IHRAM.CO.ID, MAKKAH -- Malcolm X adalah seorang menteri Muslim dan aktivis hak asasi manusia Amerika Serikat. Bagi pengagumnya, dia adalah seorang pendukung yang berani untuk hak-hak asasi orang kulit hitam.
Dia adalah seorang pria yang paling lantang menyuarakan kejahatan warga kulit putih AS terhadap warga kulit hitam. Namun, para pengkritik justru menuduhnya tengah mengkhutbahkan rasialisme dan kekerasan.
Dilansir di Arab News, Senin (20/8), Malcolm disebut sebagai salah satu orang Afrika Amerika terbesar dan paling berpengaruh dalam sejarah. Malcolm adalah anggota Nation of Islam, sebuah gerakan politik-agama Amerika Afrika yang didirikan Wallace D Fard Muhammad pada 1930.

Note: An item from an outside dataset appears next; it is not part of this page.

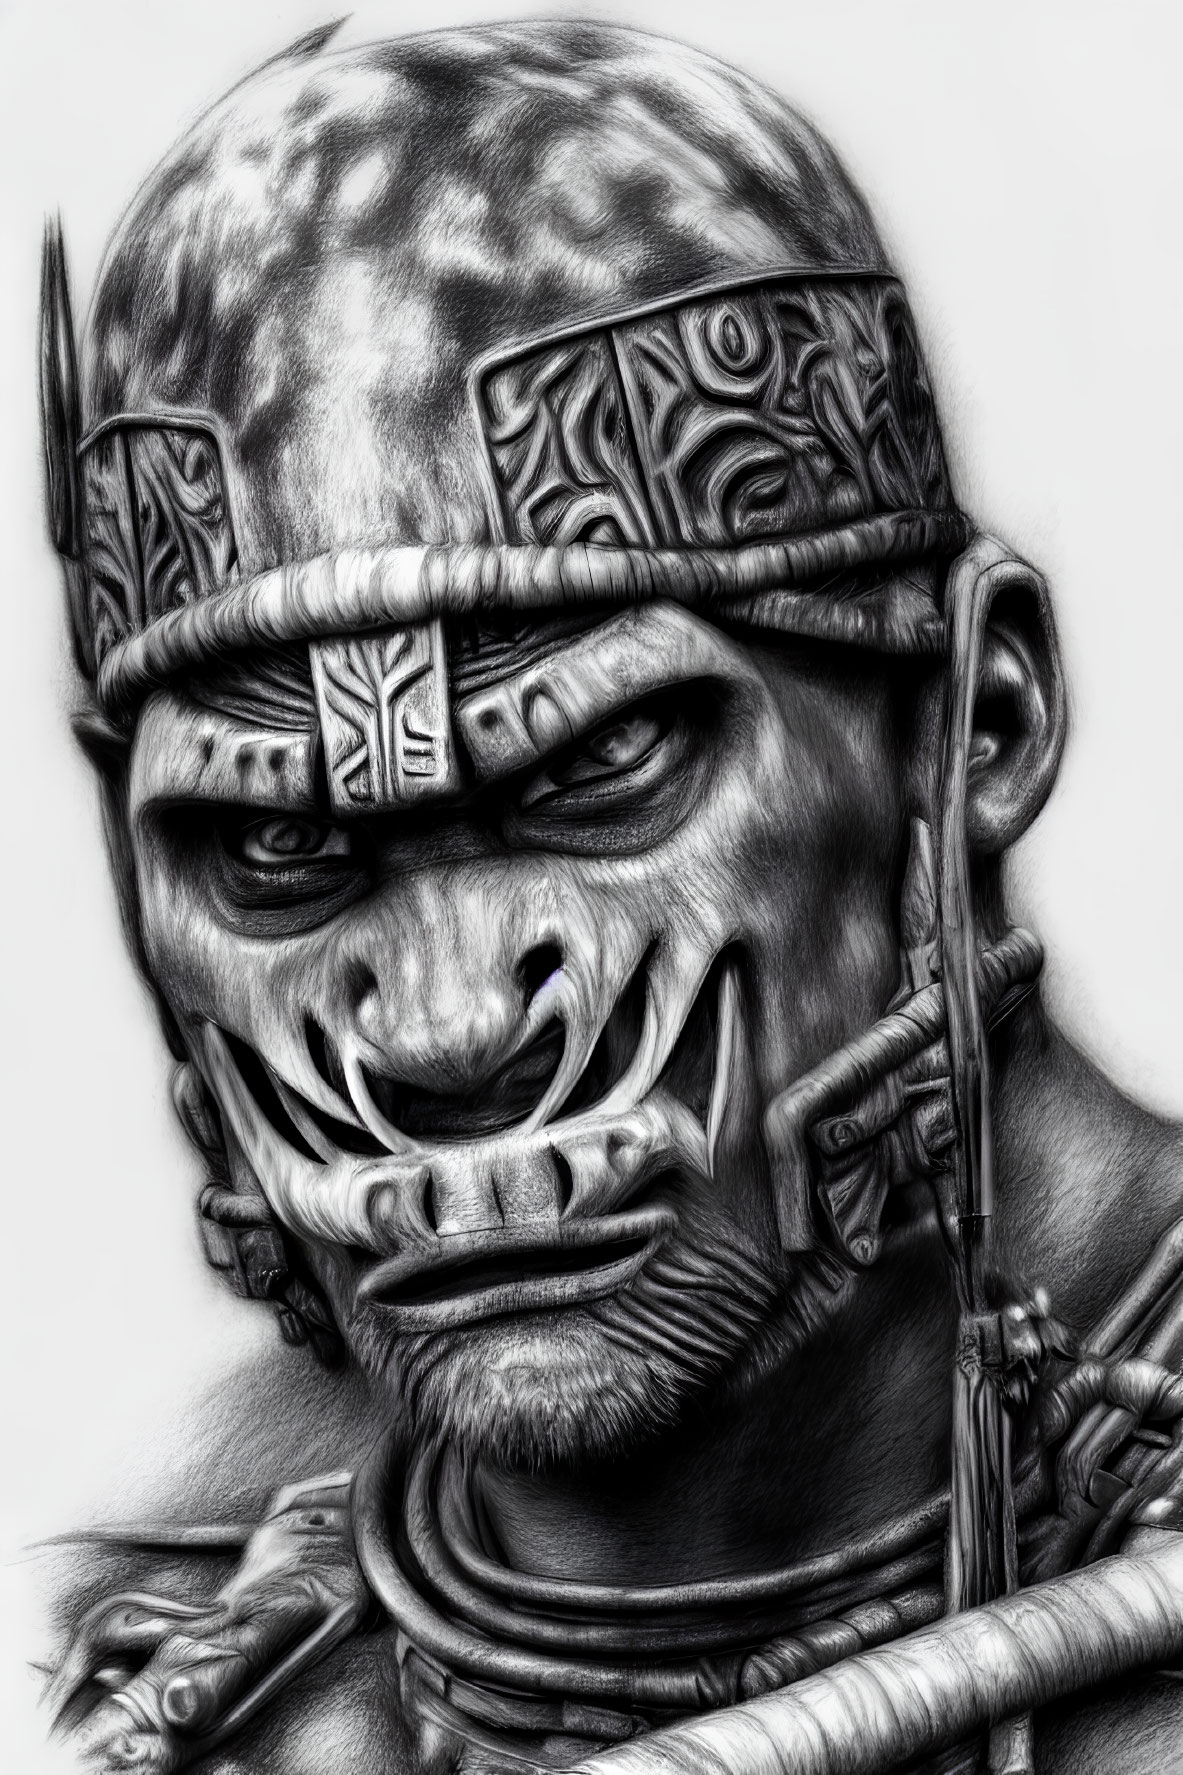 Detailed pencil drawing of menacing warrior with tribal tattoos and decorated helmet

Organisasi tersebutmemiliki tujuan memperbaiki kondisi spiritual, mental, sosial, dan ekonomi dari orang Afrika Amerika di AS. Namun, suara kritik justru menggambarkan organisasi tersebut sebagai supremasi orang kulit hitam.
Malcolm secara resmi meninggalkan organisasi itu dan melakukan ibadah haji ke Makkah. Dia kembali ke Amerika sebagai Al-Hajj Malik El-Shabazz dan mendirikan Organisasi Kesatuan Afro-Amerika. Organisasi itu mengadvokasi identitas orang kulit hitam. Dia juga menyatakan rasialisme, bukan ras kulit putih, adalah musuh terbesar warga Afrika-Amerika.
Gerakan baru Malcolm itu memperoleh dukungan karena filsafatnya yang lebih moderat. Sehingga, menjadi semakin berpengaruh dalam gerakan hak-hak sipil, terutama di antara para pemimpin Komite Koordinasi Non-Kekerasan Pelajar. Organisasi itu didirikan setelah kepulangan Malcolm dari ibadah haji di Makkah.
“Saya tidak pernah menyaksikan keramahan yang tulus dan semangat persaudaraan yang luar biasa seperti yang dipraktrikkan oleh orang-orang dari semua warna dan ras di Tanah Suci, rumah Ibrahim, Muhammad, dan nabi lainnya yang tertulis di Kitab Suci,” tulis Malcolm X dalam suratnya dari Makkah.
“Selama 11 hari terakhir di dunia Muslim, saya makan dari piring yang sama, minum dari gelas yang sama, dan tidur di karpet yang sama, sembari berdoa kepada Tuhan yang sama dengan sesama Muslim,” tulis Malcolm.
Dalam suratnya, ia merasa bersyukur bisa merasakan pengalaman berhaji di Tanah Suci. “Belum pernah saya merasa sangat terhormat. Belum pernah saya dibuat merasa lebih rendah hati dan tidak layak.”
Ketika Malcolm pertama kali tiba di Bandara Jeddah, ia memperhatikan jamaah haji lainnya yang berasal dari Ghana, Indonesia, Jepang, dan Rusia. Dalam bukunya, ia meyakini belum pernah ada kamera yang mengabadikan momen “berwarna” tersebut, selain matanya sendiri.
Ia menggambarkan melihat Muslim dari Cina, Indonesia, dan Afghanistan yang masih mengenakan pakaian tradisional mereka Ia merasa seperti sedang membuka halaman-halaman majalah National Geographic. Pada 21 Februari 1965, satu minggu setelah rumahnya dibom, Malcolm X ditembak mati oleh anggota Nation of Islam. Tepatnya, ketika berbicara dalam rapat organisasinya di Kota New York.